Music Monday Top 5: Favorite Albums of 2011

Of all the different forms of media I have consumed in the past year, music was right at the top. (Well, probably podcasts were first and then music. Comic books round out the top three.) A lot of it was finding things that I had missed out on – Sufjan Stevens’ albums, Arcade Fire’s Funeral, Anamanaguchi, Fitz and the Tantrums, and the much-beloved M. Ward, for example. But some of this year’s music was actually from this year, and some really struck me.
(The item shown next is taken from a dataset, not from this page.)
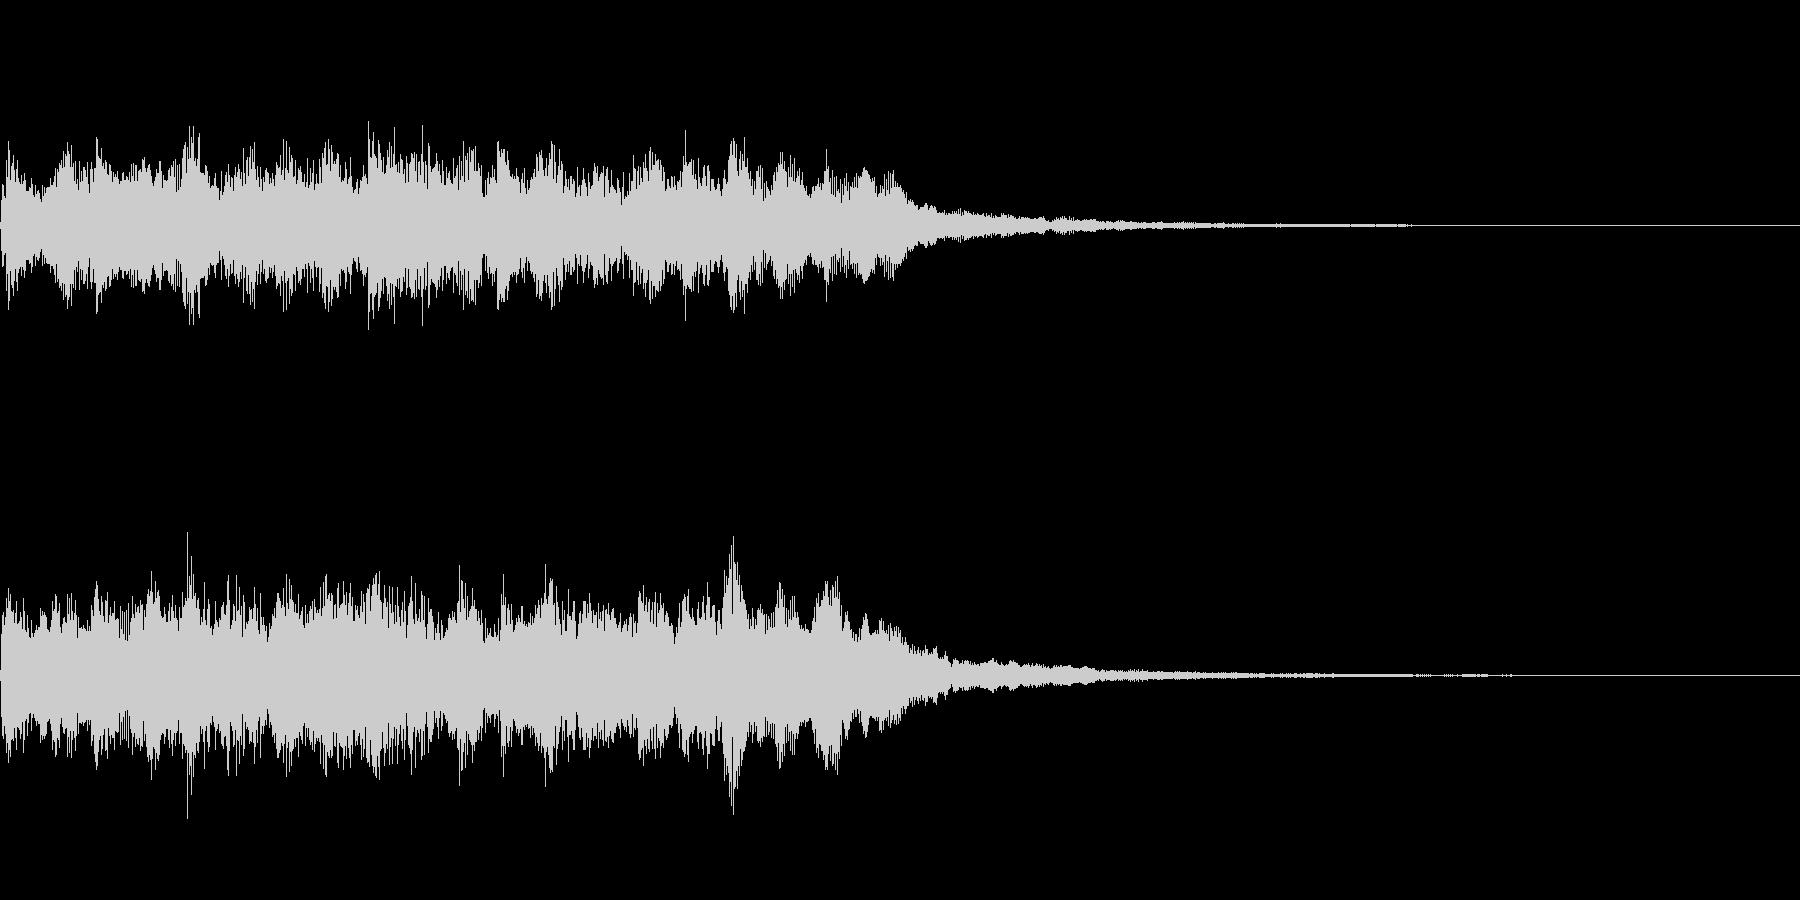 煌びやかなサウンドロゴの未再生の波形
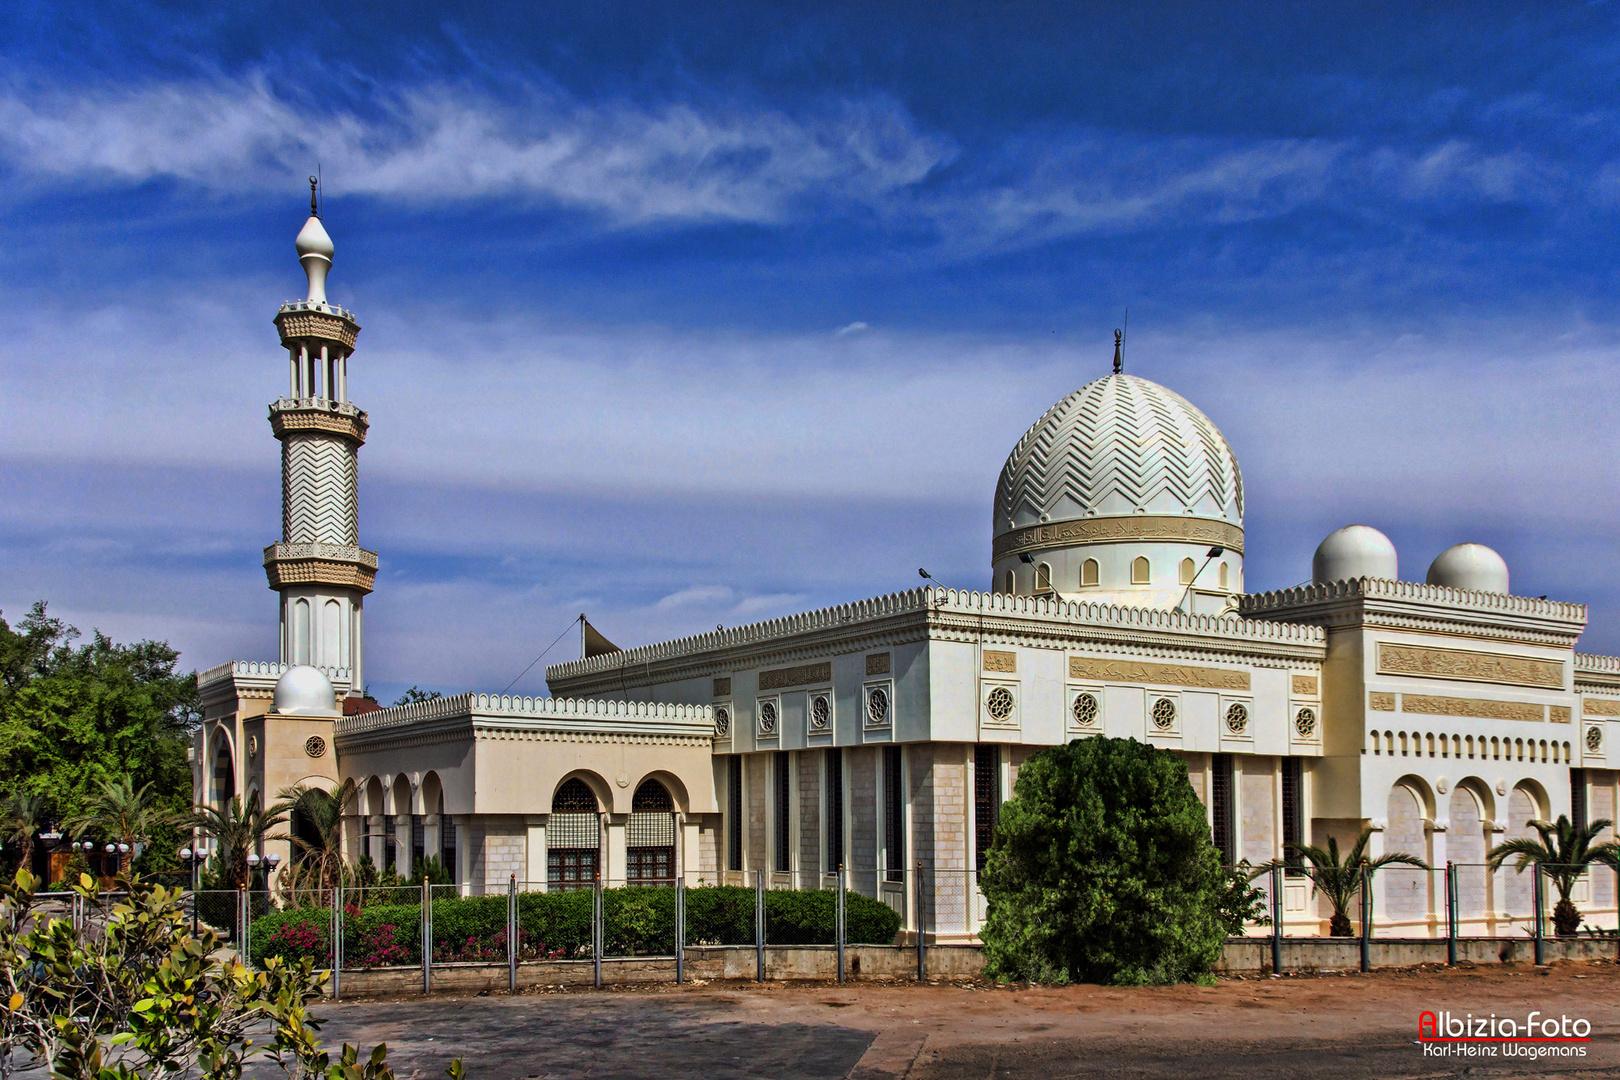 Al-Sharif Hussein Bin Ali-Moschee in Aqaba (Jordanien) von 1975

I do want to note that three rap albums – Kanye West and Jay-Z’s Watch the Throne, Childish Gambino’s Camp, and Das Racist’s Relax – were all considered for this list, but each missed the cut for different reasons. I really enjoyed Watch The Throne, though not to the same degree I liked Kanye’s My Beautiful Dark Twisted Fantasy and certainly not to the degree the gravitas of the project seemed to demand; that said, it’s probably number 6 on the list. I’ve only heard the first half of Camp so far, though it’s pretty damn good. Finally, Relax didn’t seem to jive with me as much as Das Racist’s first mixtape, Shut Up, Dude, did – it wasn’t the kind of album where the rapping was particularly remarkable, at least not as much as their debut.

With that said, here’s my five favorite albums of 2011:
5. Alabama Shakes – Alabama Shakes EP

I belabored quite a bit over including this on the list, because it’s only four tracks, but the Alabama Shakes’ debut is the kind of production where you want the band to get back into the studio and record a full album right now. Band leader Brittany Howard has an incredibly emotional, powerful voice – and some pretty substantial guitar skills (as seen here), to boot – and the country-rock band works really well together. The Alabama Shakes have the talent to be pretty big in the next couple of years.

My favorite song on the EP is the second track, “I Found You”:

4. Bon Iver – Bon Iver

Bon Iver reminds me of how ridiculous the Grammy Award for Best New Artist has become. Among this year’s field for the award are The Band Perry, whose hit single “If I Die Young” was first released in June 2010 and whose album squeaked in under this year’s Grammy purview by only a month; Skrillex, whose third solo album came out this year (to be fair, it is kind of awesome that a dance music artist like Skrillex was nominated – I suppose the only thing more surprising than that would have been for Girl Talk’s album All Day to have been nominated for a Grammy); and Justin Vernon’s Bon Iver, which began in 2008 with For Emma, Forever Ago, an album that received fairly widespread critical acclaim.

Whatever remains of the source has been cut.